**Data below**
++++

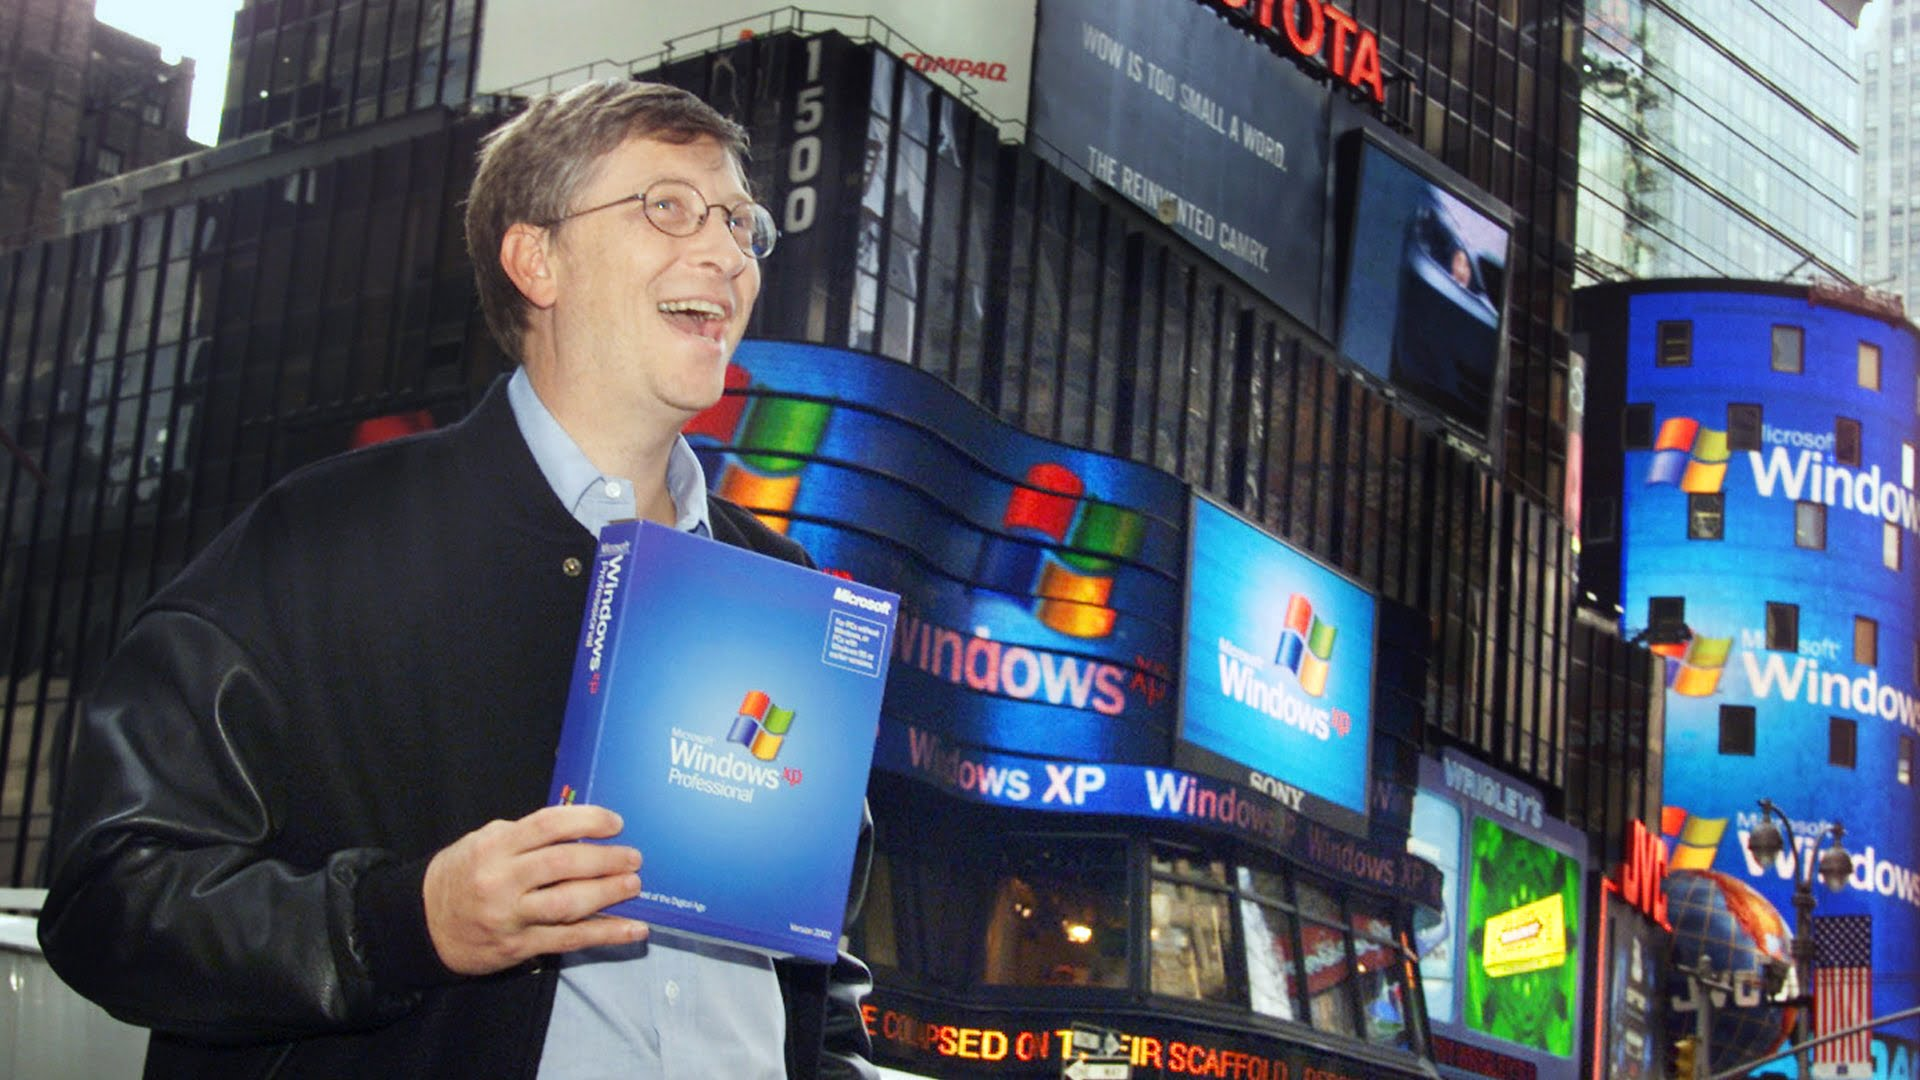 Bill Gates promocionando a Windows XP
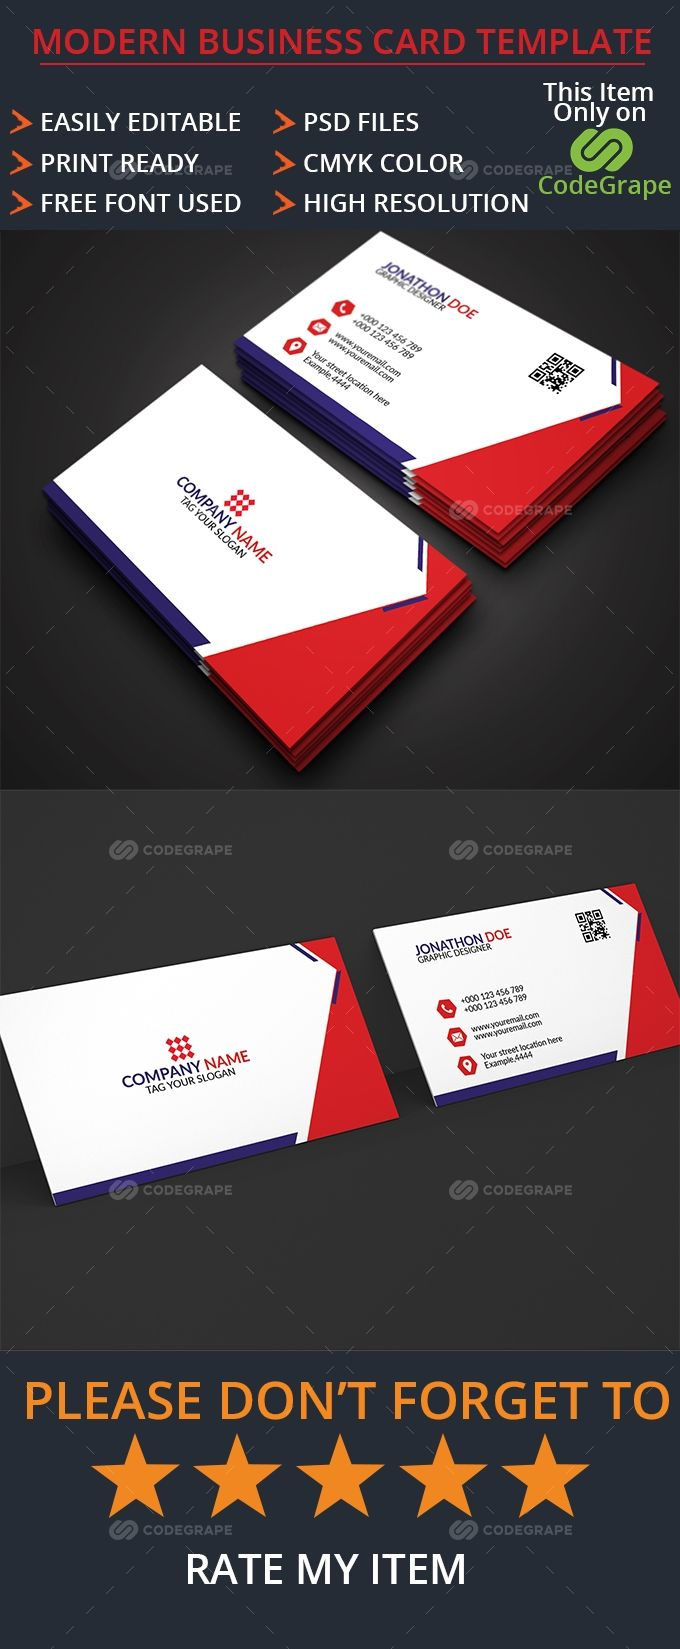 Modern Business Card In 2020 Modern Business Cards Business Card Template Card Template
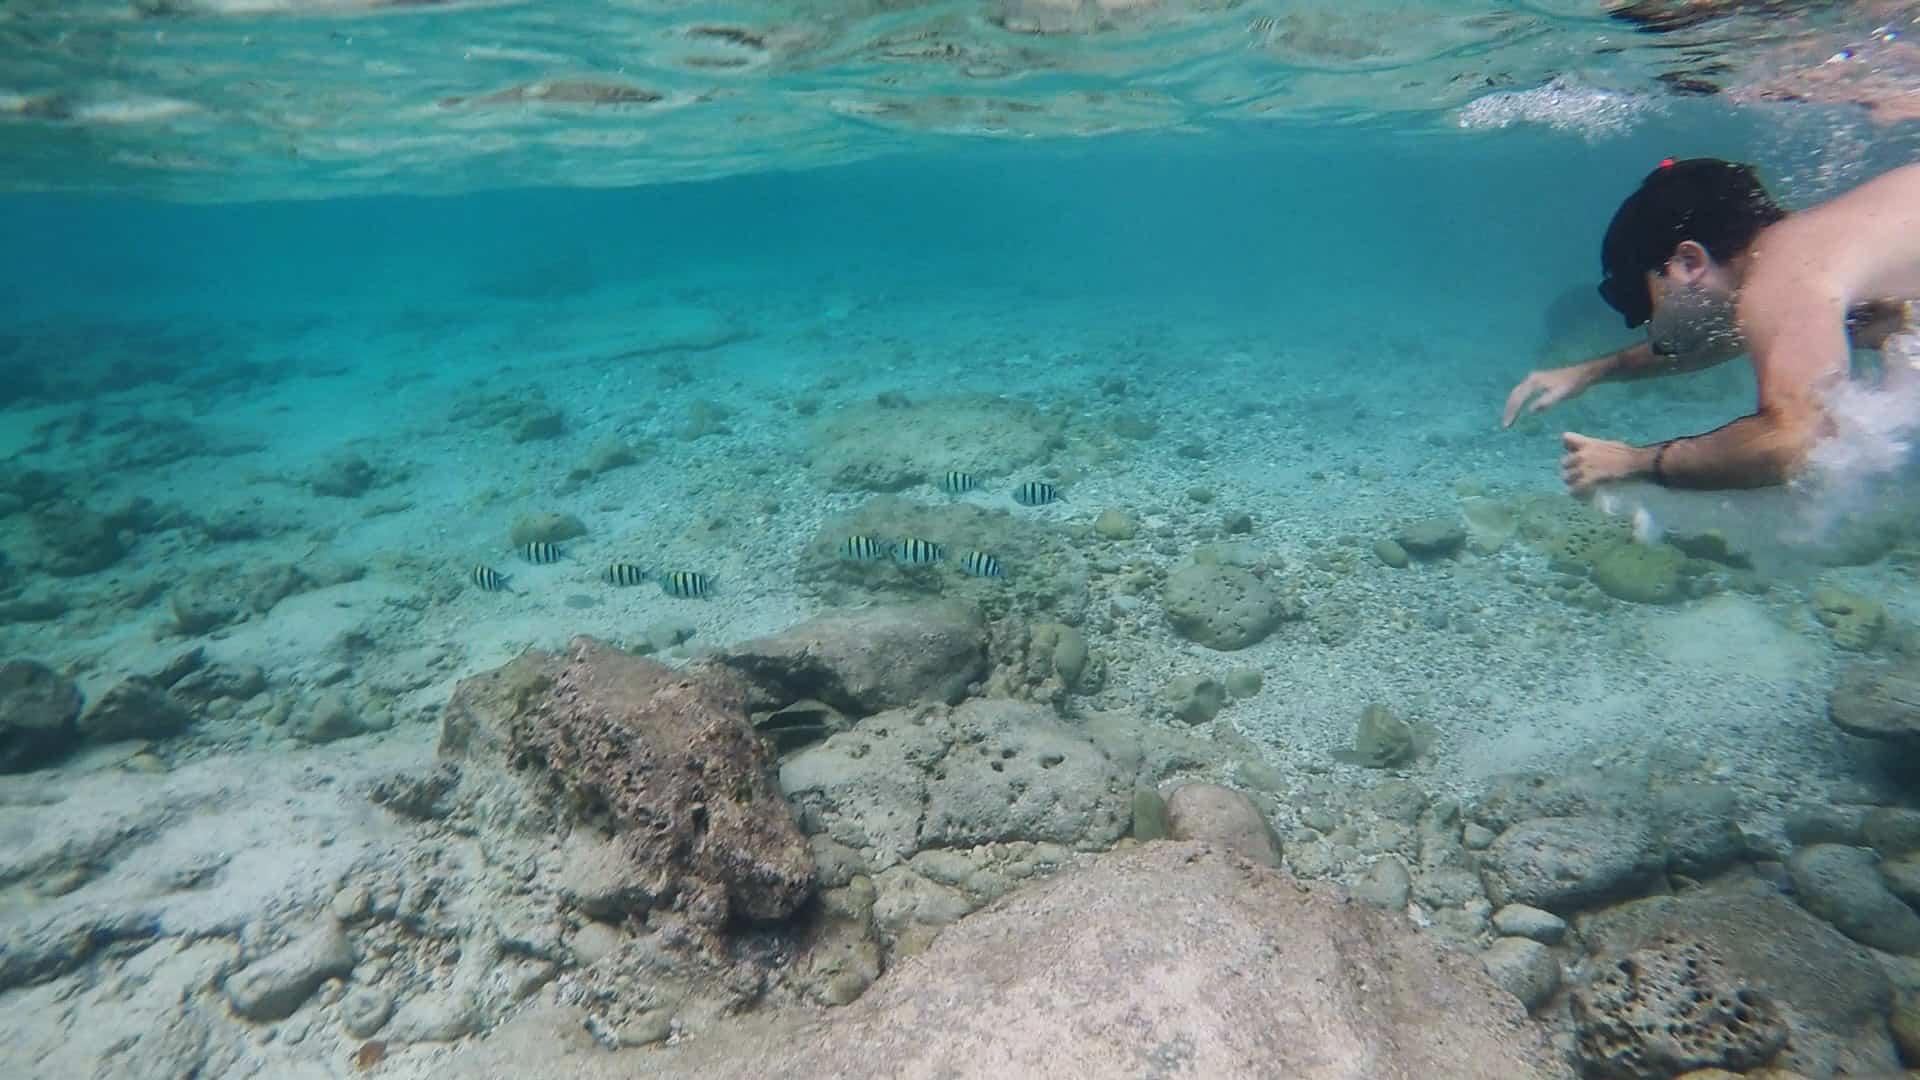 Snorkeling - à procura do Nemo

++++

**Exercise goal**
Do not include the images; transcribe the rest of the listing exactly.

**Exercise solution**
 Bill Gates promocionando a Windows XP
 Modern Business Card In 2020 Modern Business Cards Business Card Template Card Template
 Snorkeling - à procura do Nemo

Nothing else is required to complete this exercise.